French architects Anne Lacaton and Jean-Philippe Vassal, founders of the Paris-based studio Lacaton & Vassal, won the 2021 Pritzker Architecture Prize. Their work reflects architecture’s democratic spirit. Through their ideas, approach to the profession, and the resulting buildings, they have proven that a commitment to a restorative architecture that is at once technological, innovative, and ecologically responsive can be pursued. The practice begins every project with a process of discovery which includes intensely observing and finding value in what already exists. Many of the studio's projects focus on expanding usable space through the use of winter gardens and balconies often utilising polycarbonate panels.

About the Pritzker Architecture Prize




Prix AWARE

Image: Barbara Chase-Riboud, Mao’s Organ, 2007. Polished bronze and red silk cord.
© Michael Rosenfeld Gallery, LLC NY, © Barbara Chase-Riboud.

ART

Barbara Chase-Riboud

Prix d'honneur

Barbara Chase-Riboud was awarded the Prix d'honneur by the non-profit association AWARE: Archives of Women Artists.

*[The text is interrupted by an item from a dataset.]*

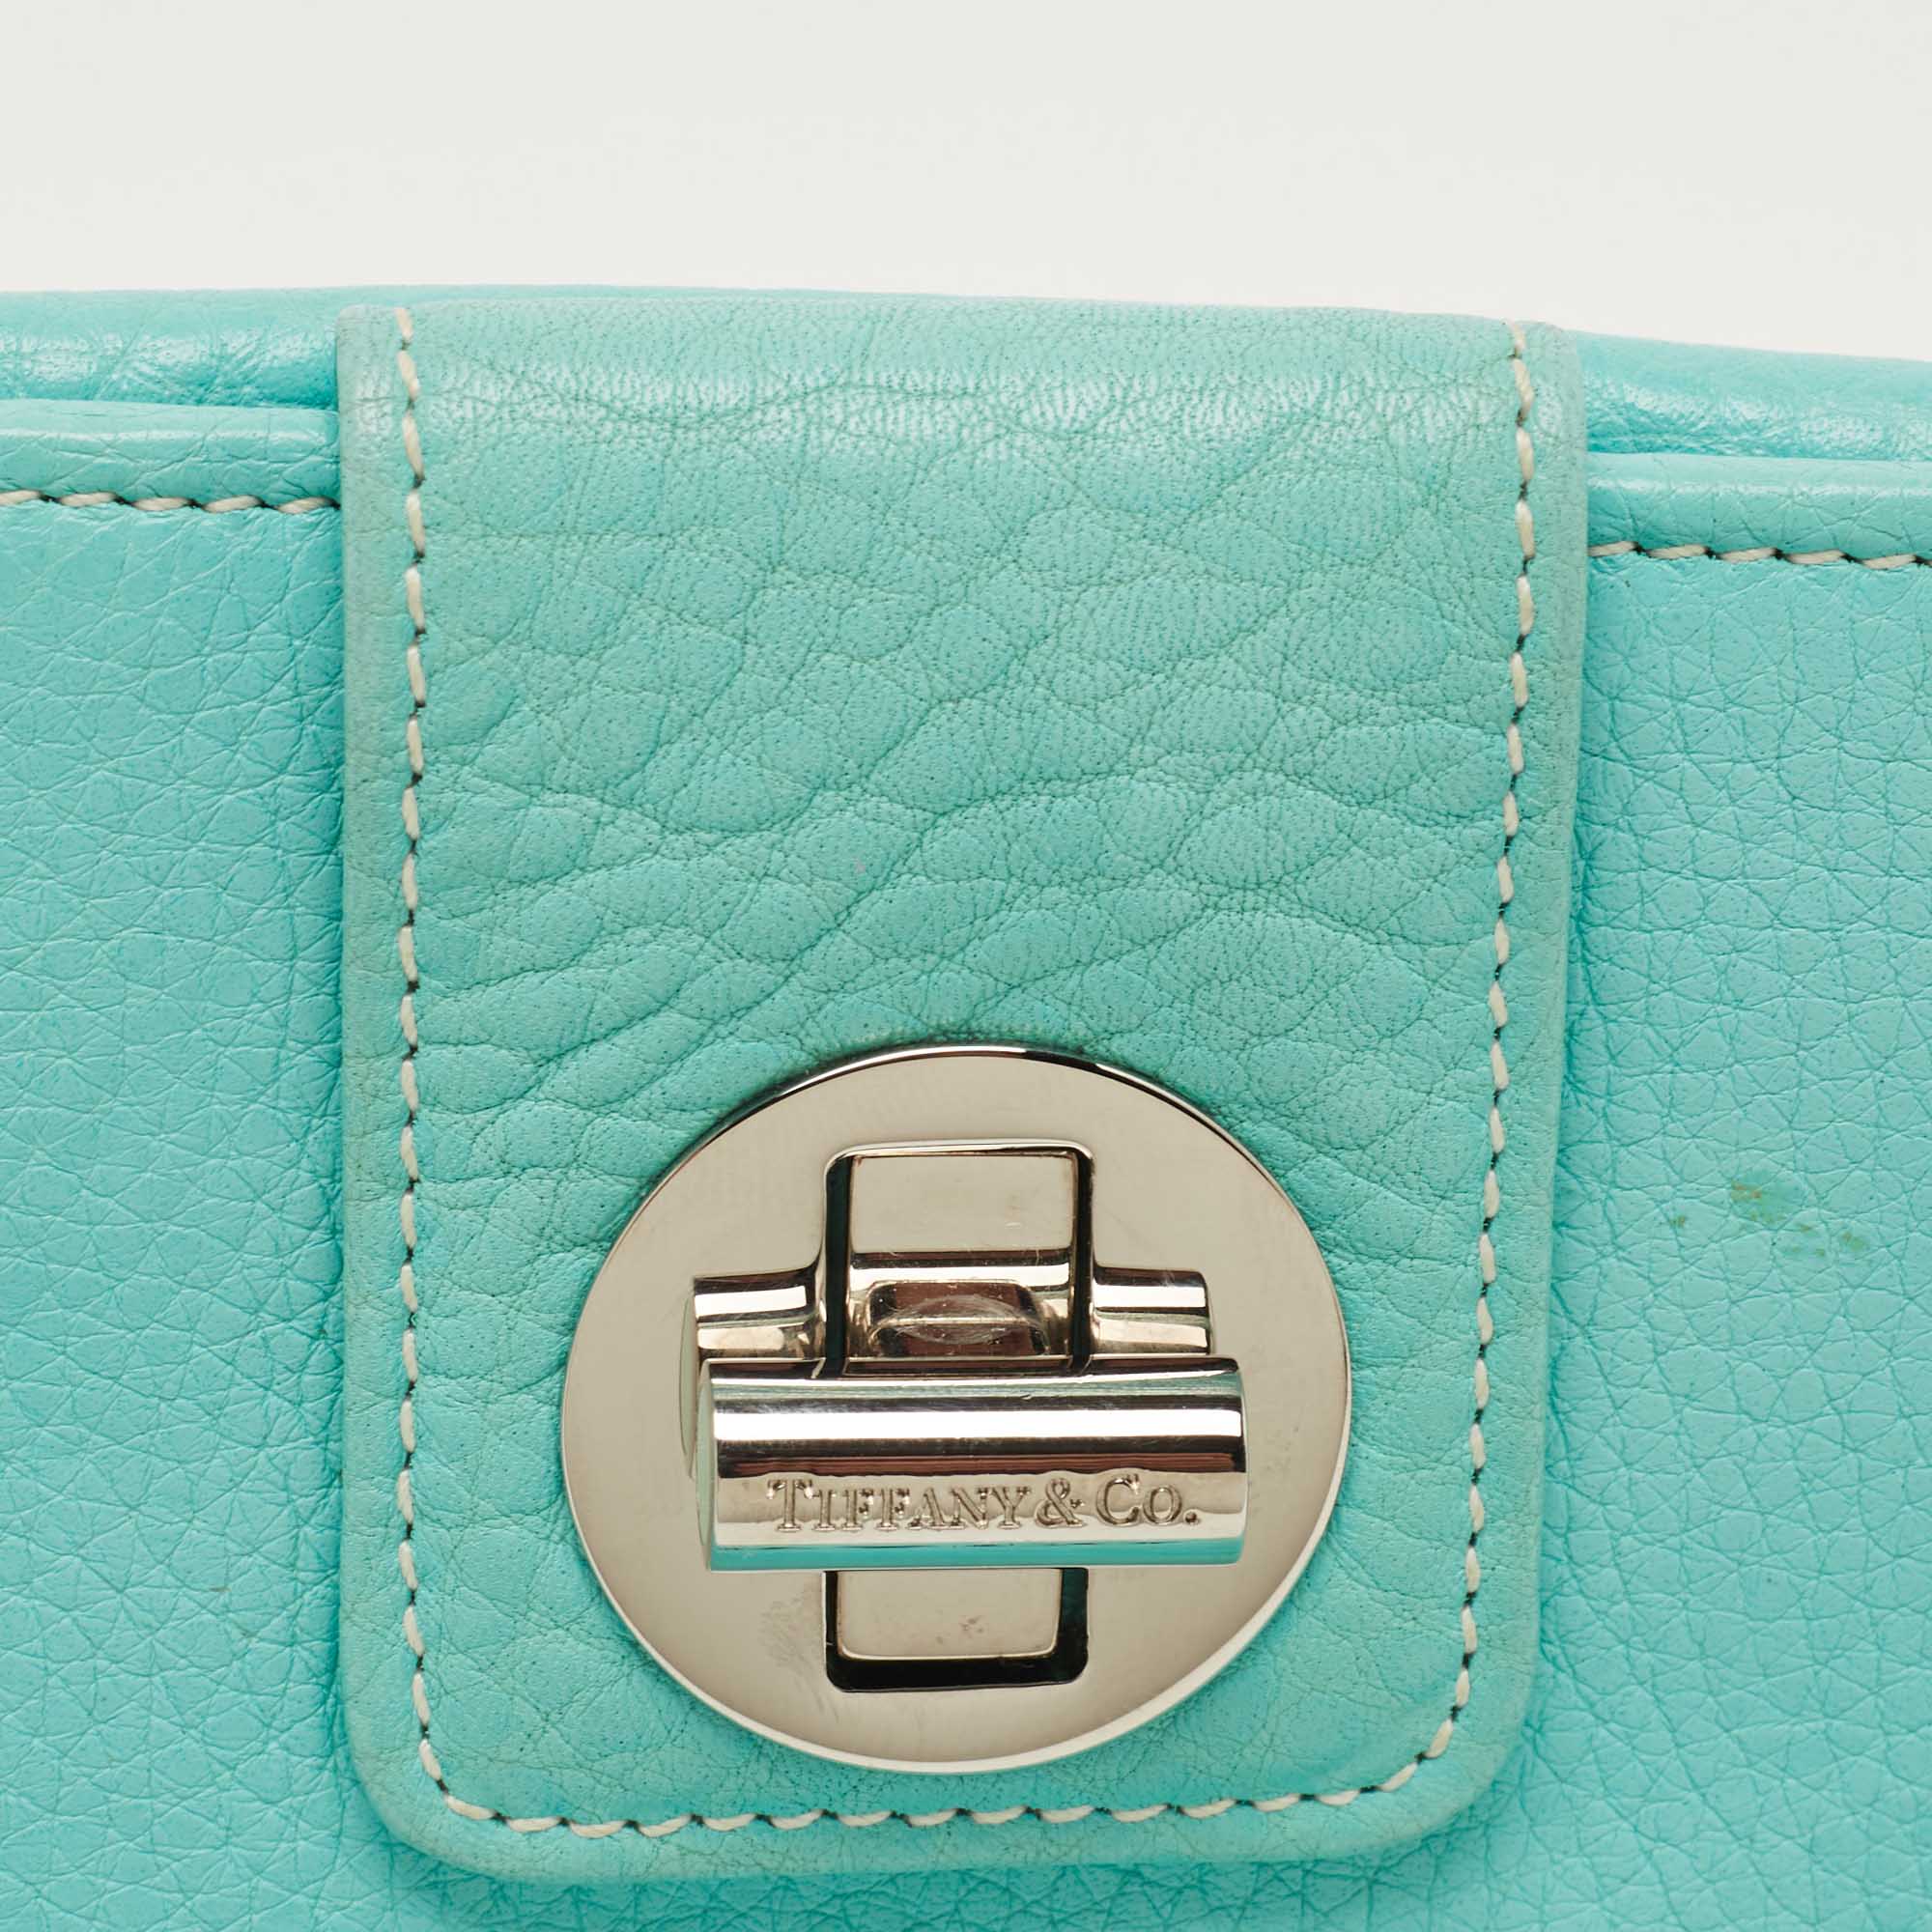 Tiffany & Co.Turquoise Leather Turnlock French Wallet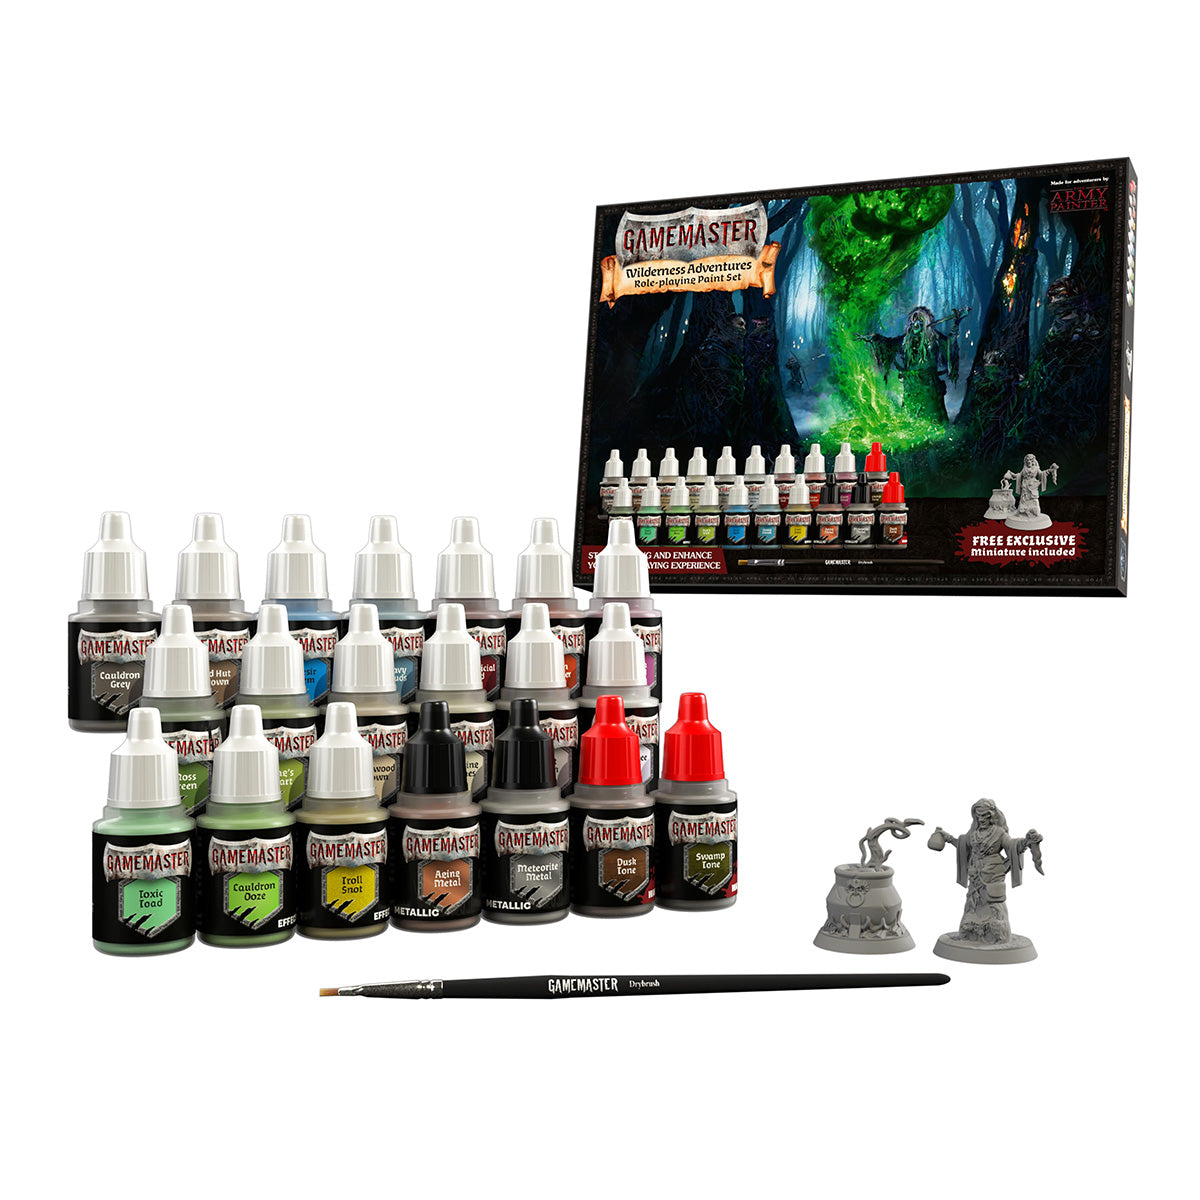 Army Painter Wargaming Set - Gamescape North

Since its creation in 2014, AWARE has worked to make women artists of the 19th and 20th century visible. Barbara Chase-Riboud was born in 1939 in Philadelphia (Pennsylvania, USA). Sculptor, poet and novelist, Barbara Chase-Riboud began her artistic training at the age of seven, at the Philadelphia Museum and the Fleisher Art Memorial. She was just sixteen when the Museum of Modern Art (MoMA) in New York acquired one of her first works. She studied at Temple University and Yale, where she was the first African-American woman to gain a Master’s degree from Yale School of Architecture.

About the Prix AWARE



Bennett Prize

Image: Ayana Ross, Learn, oil on wood, 2020, 36 x 48 x 2 inches.

ART

Ayana Ross

Bennett Prize

Ayana Ross, of McDonough, Georgia, won the prestigious 2021 Bennett Prize, a prize offered solely to women figurative painters. Her paints captured moments of the past to address issues of race, identity and value systems. By seeking parallels between the past and present, she hopes to illuminate the beauty and strength of the black community and highlight stories of progression that may have been overlooked. Her everyday figures are inspired and informed by the images and events of her family’s history and their known origins in the American South. Combining nostalgia with contemporary motifs, she relates shared human experiences as an invitation to memory and discussion.

About the Bennett Prize



Prix Pictet

Image: Sally Mann, Blackwater series 2008-2012.
© Sally Mann/Prix Pictet/Courtesy of the artist and Gagosian.

PHOTOGRAPHY

Sally Mann

Prix Pictet

Photographer Sally Mann won the ninth cycle of the Prix Pictet, the global award in photography and sustainability, on the theme of ‘Fire’. For her series Blackwater, she explored the Great Dismal Swamp in Virginia, a dangerous terrain slithering with snakes, predators, insects and heavy foliage, that many escaped slaves travelled through towards freedom. Sally Mann documented the vast fires and thick smoke that consumed the swap during her visit and which seemed to epitomise the great fire of racial strife in America.
Sally Mann became known in the 1980s for her series about her own family. Since the end of the 1990s, she has explored the themes of nature, memory, identity and race through photographs of landscapes.